Staff writer

Mothers, fathers and children all have their days, and there is a day for respecting the elderly, covering grandfathers and grandmothers. So, why not a special day just for grandchildren?

Well, starting this year, the third Sunday of October, roughly a month after Respect-for-the-Aged Day Sept. 15, will be Grandchildren’s Day. At least according to the Japan Anniversary Association.

Unlike the day for the aged, Grandchildren’s Day is no government-authorized national holiday. It is the work of the Japan Department Stores Association.
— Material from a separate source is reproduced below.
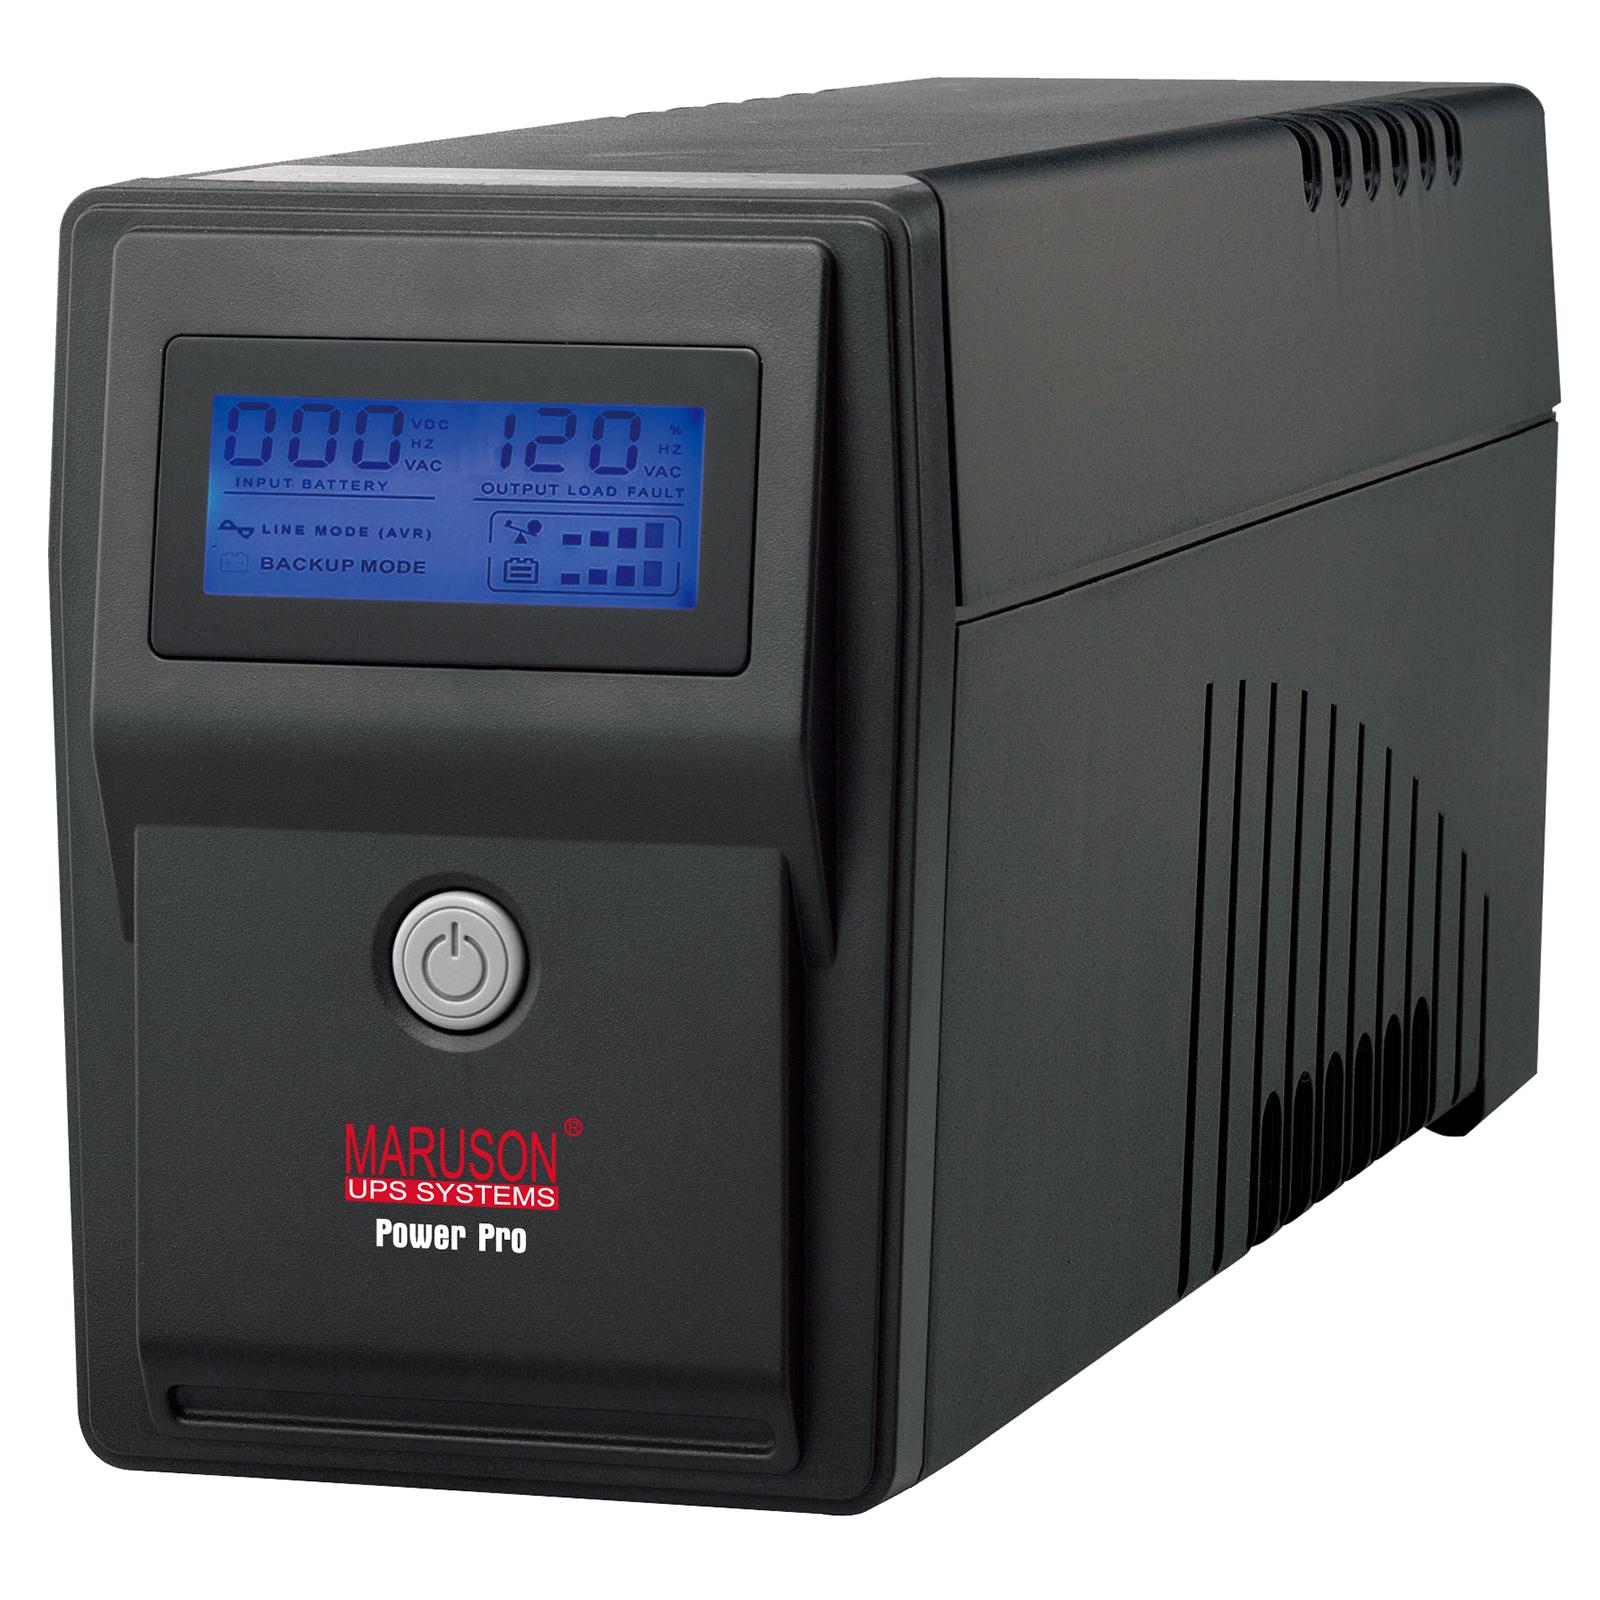 MARUSON POWERPRO ALCD SERIES 1500 VA - UPS SYSTEMS - PRO-1500ALCD

After its members agreed it would be a good idea, it registered the “holiday” with the Saku, Nagano Prefecture-based volunteer organization for a 50,000 yen fee.

And with the first Grandchildren’s Day approaching Sunday, department stores are, as one store official put it, “discreetly expectant” that it will provide a boost to what have been sluggish sales.

Indeed, the holiday gift market is something to be reckoned with, said Kiyoshi Kase, president of the anniversary association, which registers and promotes holidays.

Among the various gift-
giving holidays, Christmas is by far the most lucrative, worth 700 billion yen, followed by Valentine’s Day at 135 billion yen and Mother’s Day at 130 billion yen, according to estimates by his association.

For Grandchildren’s Day, the prospects are as yet unclear. “This is the first time, and it’s hard to estimate. But I would say it will become a market worth 10 billion yen in three to five years,” Kase said.

Of the some 800 specially recognized days in Japan each year, some 120 have been registered with the association since its establishment in April 1994. Grandchildren’s Day, registered in late August, has been attracting substantial attention, Kase claimed.

“I’ve been receiving a number of inquiries, not only from the media but from various business concerns ranging from toy makers and family restaurants to child-seat makers,” he said. “If they promote it cleverly, Grandchildren’s Day will penetrate (society) and win people’s recognition.”

Needless to say, business concerns promoting this newly created holiday seem to be eyeing the purses of the affluent elderly. Of the 1.2 quadrillion yen in assets held by Japanese individuals, some 600 trillion yen is said to belong to those aged 60 or over.

That aspect of the holiday, however, is something department stores want to keep veiled from customers.

“We’ve been having some negative responses from our customers,” said Takeshi Inoue, Isetan Co.’s general manager for public relations who also heads the JDSA’s committee for promoting Grandchildren’s Day.

“Some complain that we should be more considerate of the feelings of elderly people who do not have grandchildren, or those who are not affluent,” he said. “We cannot afford to ignore those voices.”

Thus, sales promotions have been mostly subdued, marking a striking contrast with those for Christmas and Valentine’s Day.

Some stores, including Seibu Department Store in Ikebukuro, Tokyo, have set up a corner displaying recommended gifts. Most, however, are simply putting up posters and so-called POP, point-of-purchase advertising stands, informing customers about the holiday and keeping their shop layout otherwise intact.

Greater focus is meanwhile being placed on events rather than sales. Some stores, for instance, are offering photo shoots for three-generation families, classes on creating and using old toys such as stilts, or displays on the differences between the lives of today’s children and their grandparent’s childhoods.

“It’s no good if we get too eager to sell. Instead, we hope to make this new holiday an opportunity for children to communicate with their grandparents,” stressed Yasushi Kanai, spokesman for Tobu Department Store.

Takaharu Masuno, general manager for promotions at Mitsukoshi’s flagship store in Tokyo’s Nihonbashi, agreed.

“Presenting holidays well can be an important way of attracting customers, and this is an area where we, department stores, should have an edge (over supermarkets or discount specialty stores)” he said. “If we manage to attract customers, I’m sure they will spend without any urging.”

For the first Grandchildren’s Day, department store officials aren’t expecting dramatic sales, but they are quite hopeful about the longer-term prospects.

Inquiries from other industries are a positive sign the holiday will achieve general acceptance in the future.

Riding on the move by department stores, Miki House, which specializes in children’s clothing, is inviting submissions of stories, photos or other forms of memories with grandchildren for publication in its monthly magazine LOVE.

Confectioners such as Fujiya and Cozy Corner will meanwhile display Grandchildren’s Day posters.

“For this year, we didn’t have much time for preparation,” Inoue of Isetan said. “We regard this year as the stage for letting people know about the new holiday.

“When Isetan began selling Valentine’s Day chocolates back in 1958 — the first such move by a Japanese department store — we sold only three pieces. And you know what it’s like today.”